SAT, 21 NOV, 2020-theGBJournal- The overnight (OVN) rate expanded by 370 bps w/w, to 4.3% as debits late in the week for CRR, CBN’s weekly OMO and FX auctions and FGN bond auction (NGN80.00 billion) outweighed inflows from FAAC allocations (NGN363.25 billion), OMO maturities (NGN281.45 billion), FGN bond coupon payments (NGN8.45 billion) and FX retail refunds.
Cordros Research expect system liquidity to remain strained at the end of next week, as inflows worth a combined NGN80.55 billion – OMO maturities (NGN65.56 billion) and FGN bond coupon payment (NGN14.99 billion) – may not be sufficient to offset next week’s outflows for CBN’s auctions.
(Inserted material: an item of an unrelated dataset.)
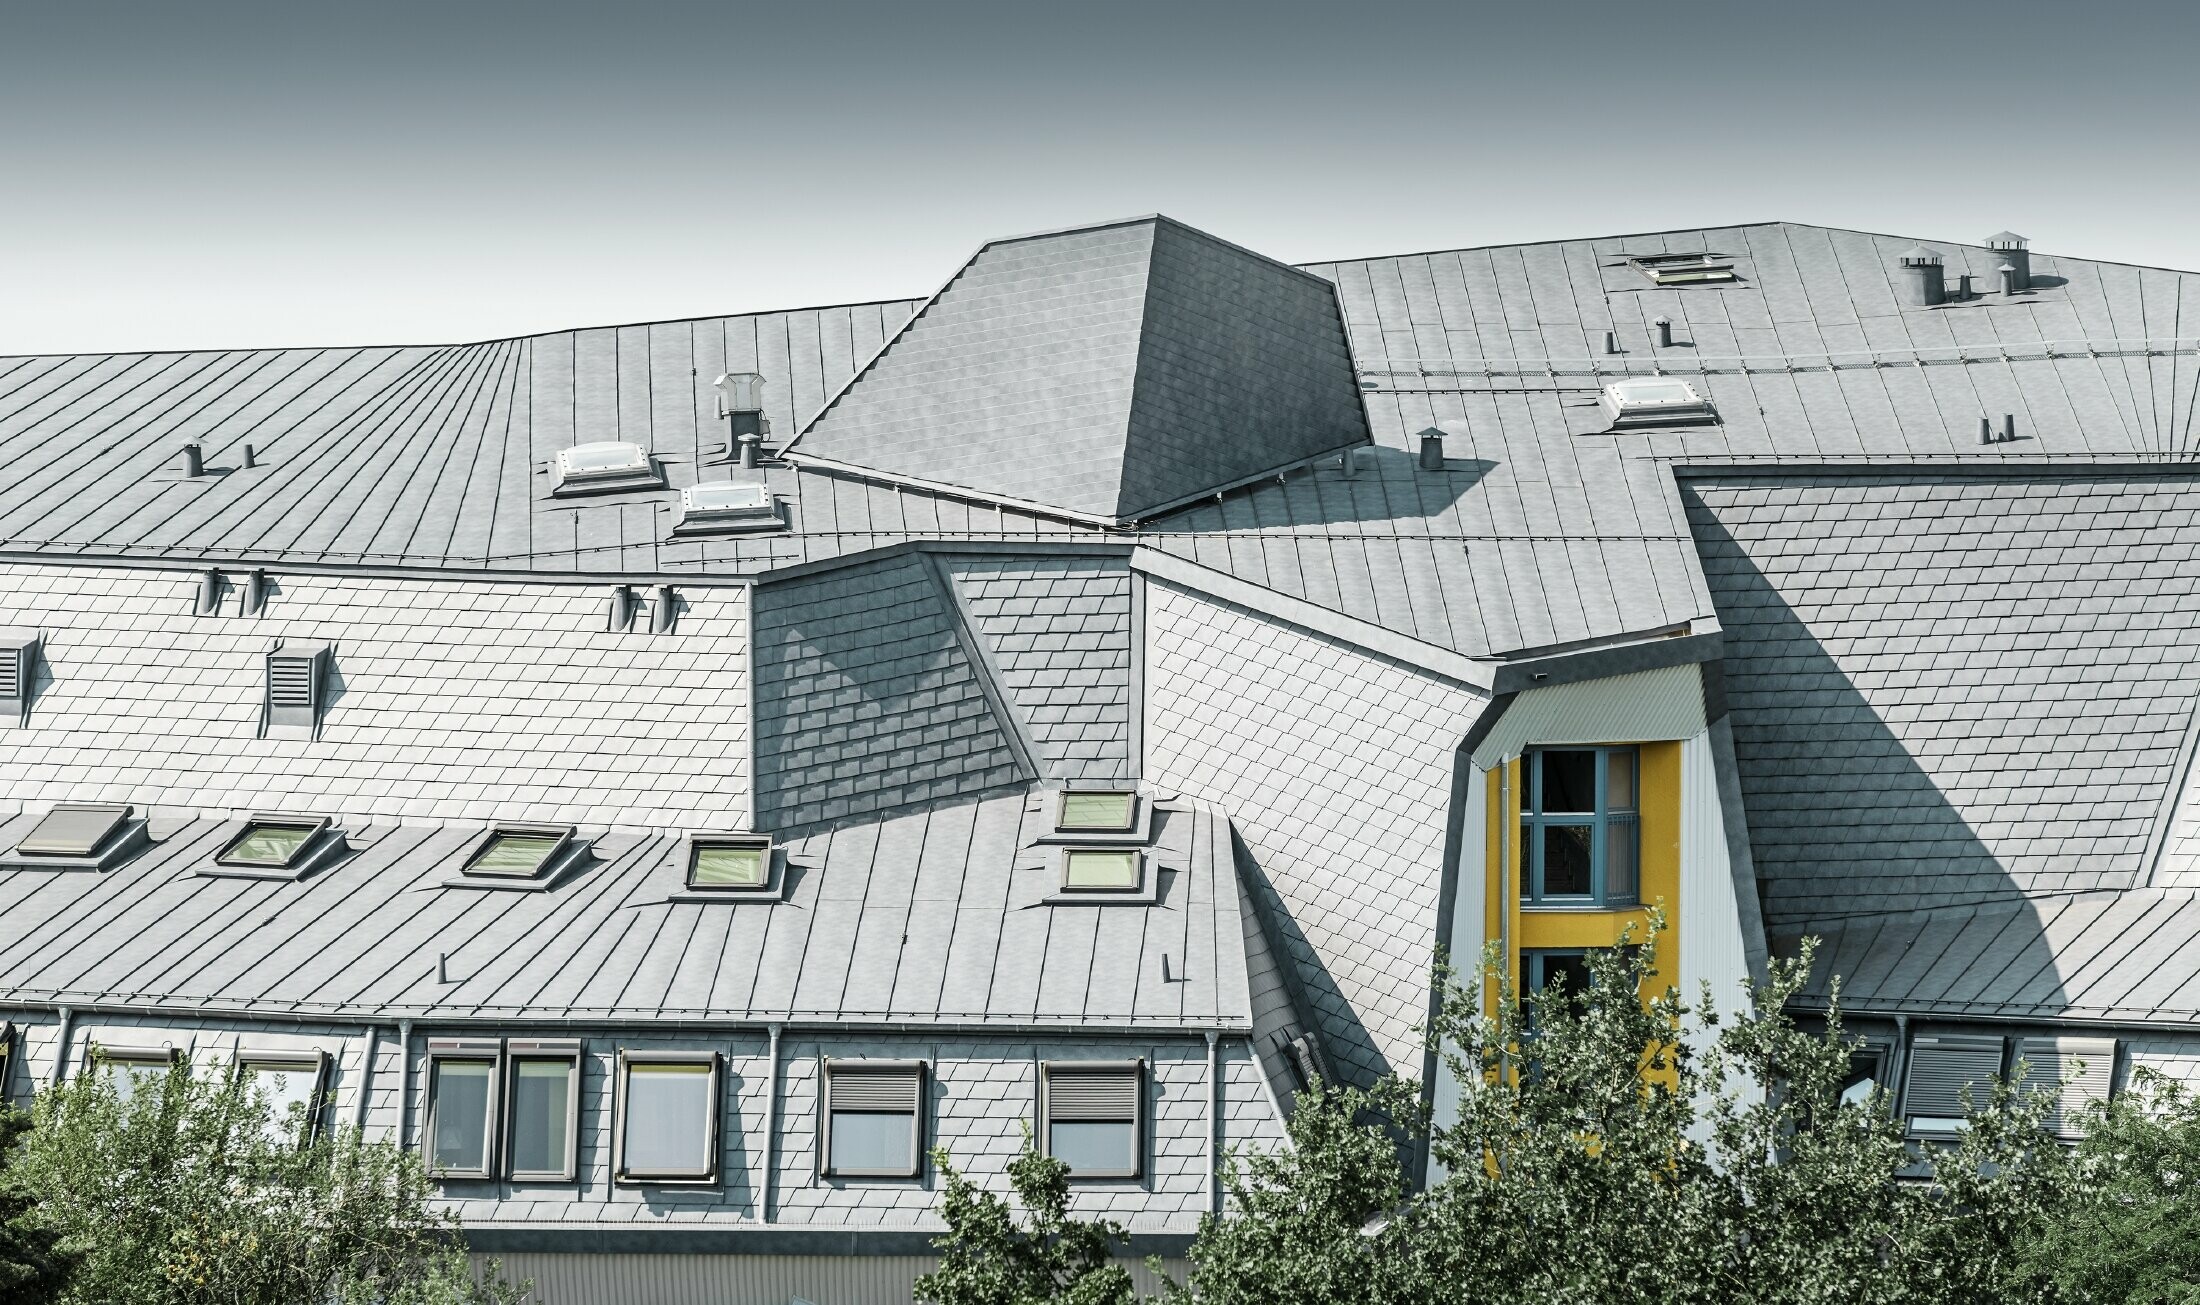 Členitá střecha s vikýři a klikatými rohy pečovatelského domu pokrytá falcovaným šindelem a svitkovým plechem PREFALZ v barvě P.10 břidlicové

Just as we envisaged, activity levels remained subdued in the Treasury bills market, as investors remained wary of the low yields on offer. Nonetheless, the average yield across both segments of the market pared by 3bps to 0.1%.
The contraction in the overall yield was driven by the OMO secondary market (average yield declined by 6bps to 0.1%), as local banks reinvested maturities in mid and long tenor instruments. Average yield at the NTB segment was unchanged at 0.1%, as the market traded quietly through all trading sessions of the week.
With the still unimpressive yields in the T-bills market, we continue to expect muted activity in the space. At the NTB segment, we expect market participants’ focus to be on the PMA next week, where the CBN is expected to roll over NGN130.60 billion worth of maturities.
The bulls dominated the Treasury bonds secondary market this week as the average yield across instruments declined by 11bps to 4.0%. We attribute the bullish sentiment to the ample liquidity in the system, and as market participants covered for lost bids at the PMA. At the PMA, the DMO offered instruments worth NGN80.00 billion to investors through re-openings of the 12.50% MAR 2035 (Bid-to-offer: 2.2x; Stop rate: 5.00%) and 9.80% JUL 2045 (Bid-to-offer: 2.4x; Stop rate: 5.7850%) bonds. Despite a total subscription of NGN184.74 billion, the DMO eventually allotted instruments worth NGN80.00 billion, resulting in a bid-cover ratio of 2.3x.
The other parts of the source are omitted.